Senior Vision Over 60

 As you age, your vision changes but these changes don’t have to affect your lifestyle if you become aware of warning signs. It’s critical to become knowledgeable of these signs as they could cause vision loss.

Some eye diseases have no early symptoms and changes may not even be noticed until your vision is significantly impacted. By implementing healthy lifestyle choices and having regular eye exams you can maintain good eye health and vision as you age.

If you have diabetes or hypertension (high blood pressure) you may be at greater risk to develop eye vision issues. The American Optometric Association recommends annual eye exams for everyone over 60.

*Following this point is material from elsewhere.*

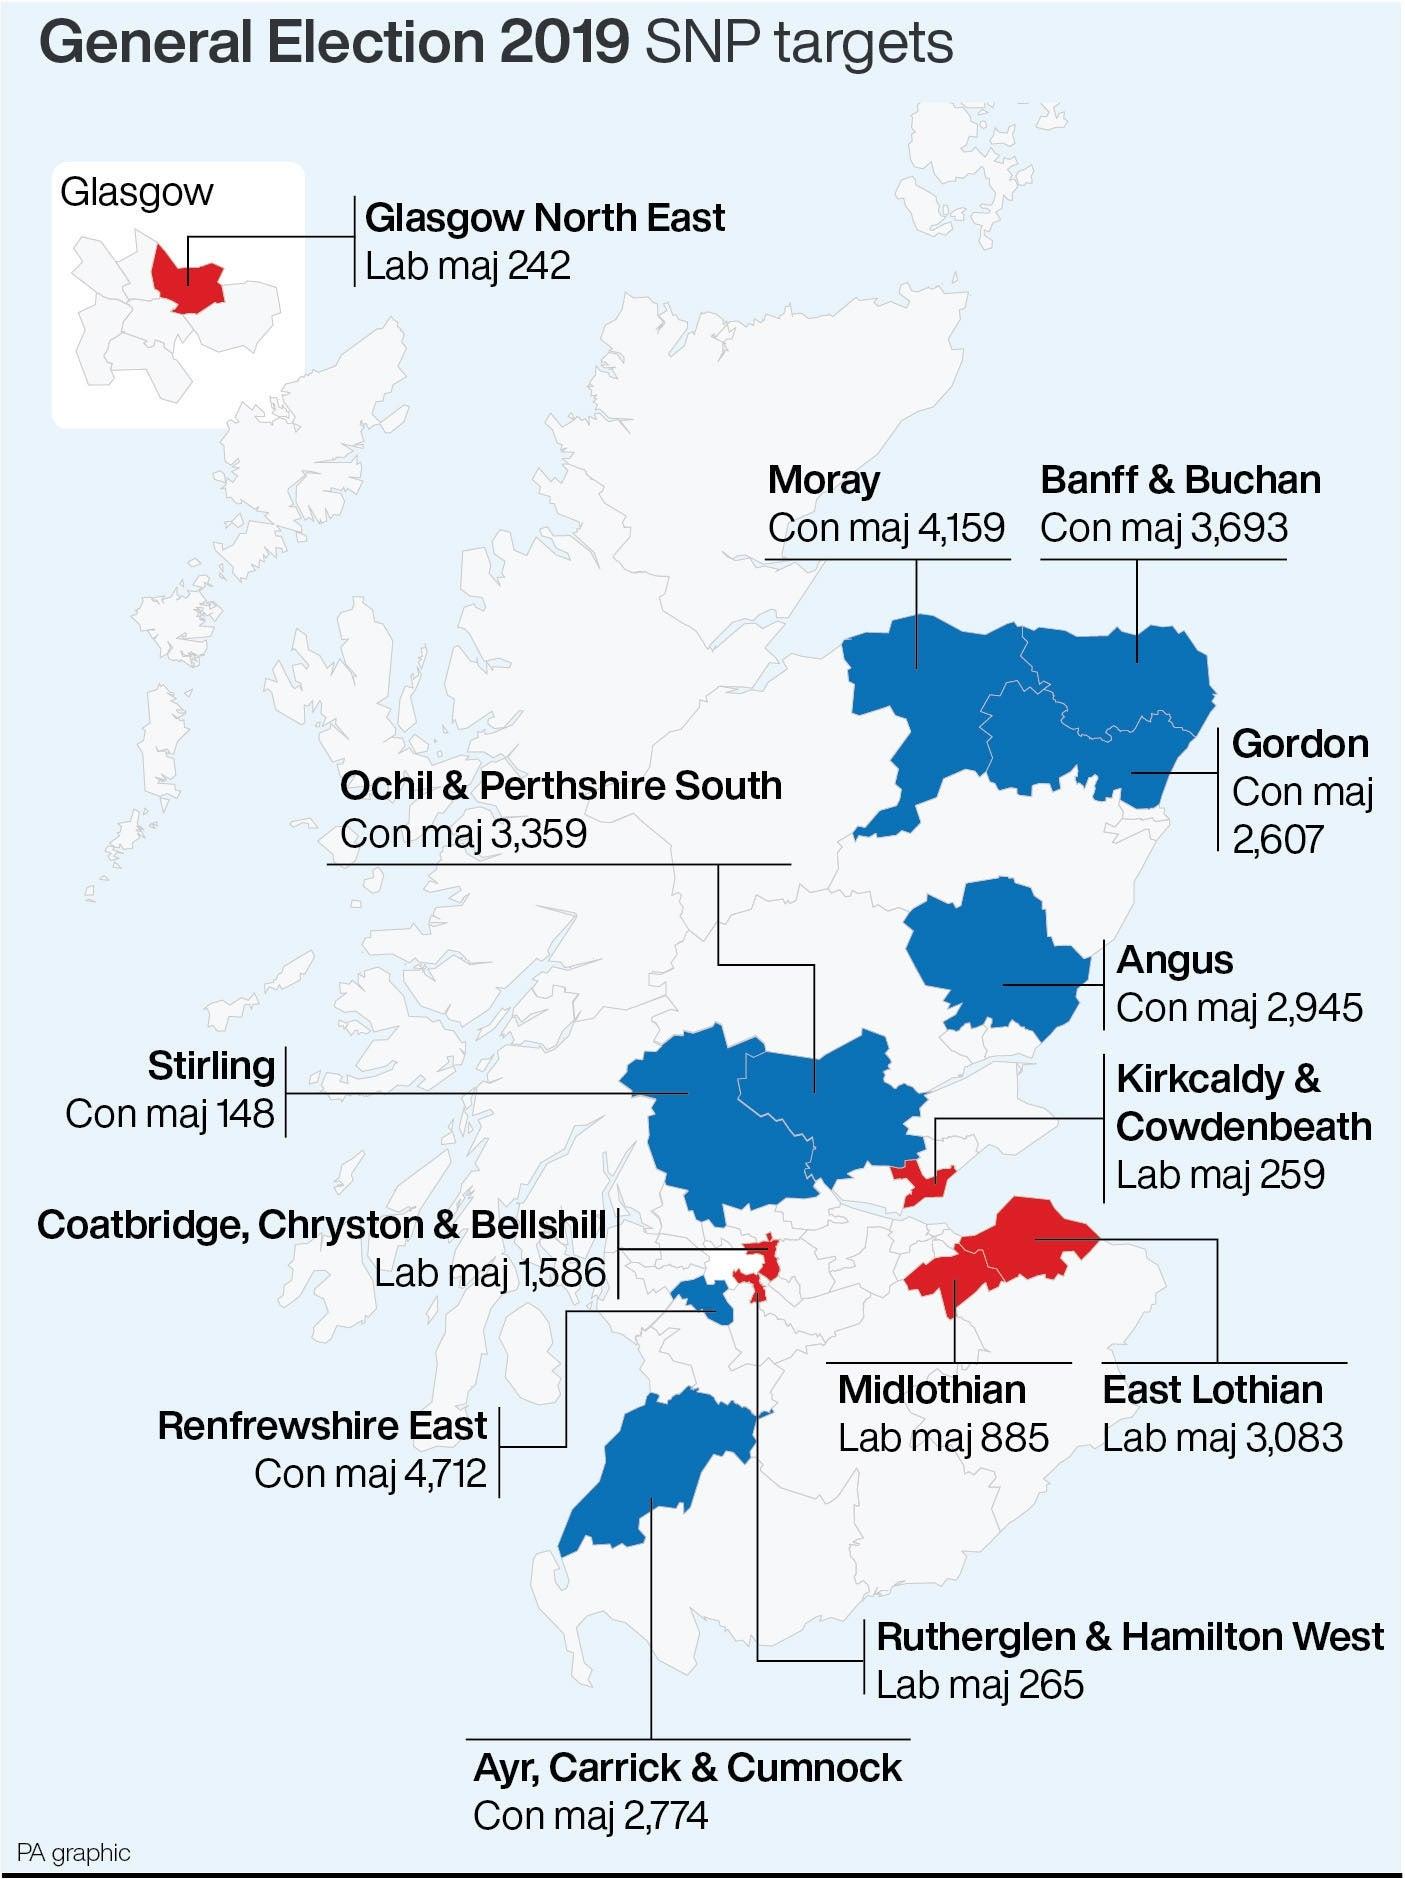 SNP targets

If you are over 60, you should be aware of possible eye diseases that can change your vision permanently. If you recognize and treat these problems early, the more likely you can avoid vision problems. Here are some vision diseases to be aware of.

Senior Vision Over 60

Age Related Vision Diseases

  • Age related macular degeneration (AMD)
    • This eye disease affects the macula (the retina at the back of the eye) and causes central vision loss. This part of the retina allows you to see fine detail and colors. Central vision is required for activities like reading, driving and watching TV.
  • Cataracts
    • The clear lens of your eye may become cloudy or opaque and depending on their size and location can interfere with normal vision. Cataracts can develop in both eyes, but one may be worse more than the other. You may experience blurry vision, decreased contrast sensitivity and/or decreased ability to see under low light conditions.
  • Diabetic Retinopathy
    • The progressive damage done to the blood vessels that nourish your retina occur in people with diabetes. The damaged blood vessels can leak blood and other fluids and cause cloud vision usually in both eyes. If left untreated, it can cause blindness.
  • Dry Eye
    • Dry eye happens when you produce too few or poor-quality tears. Tears are required to maintain the health of the front surface of your eye and provide clear vision.
  • Glaucoma
    • Glaucoma causes damage to the optic nerve resulting in loss of peripheral vision. Both eyes are usually affected with one eye damaged before the other. If left untreated, glaucoma can lead to total blindness. Glaucoma is often painless and can have no obvious symptoms until there is a significant loss of side vision.
  • Retinal detachment
    • This condition causes tearing or separation of the retina. This detachment usually occurs spontaneously due to changes of the vitreous fluid that fills the back of the eye. If left untreated, it can cause permanent vision loss.

Senior Vision Over 60


If any of the above eye conditions occur or other age-related vision issues, it may affect your driving abilities. Your color perception, judgement of distances, difficulty seeing car instrument panel or loss of side vision can have an impact on your driving. The following tips can help:

  •  Pay attention at intersections. Be sure to yield when required, especially making left turns. Look in both directions when entering an intersection. If you have decreased peripheral vision, turn your head frequently.
  • Avoid driving at night if the glare of oncoming headlights bother you or you have trouble seeing at night.
  • Avoid glasses with wide side arms as they may restrict your side vision.
  • Driving programs are available for older people to help you learn how to compensate for the physical vision changes.
  • Annual eye exams are absolutely necessary to ensure your prescription is up to date. These exams can also detect any developing eye health problem.

Senior Vision Over 60

Low Vision Treatments

The diseases mentioned above are among the eye health conditions that can lead to vision loss in varying degrees and forms.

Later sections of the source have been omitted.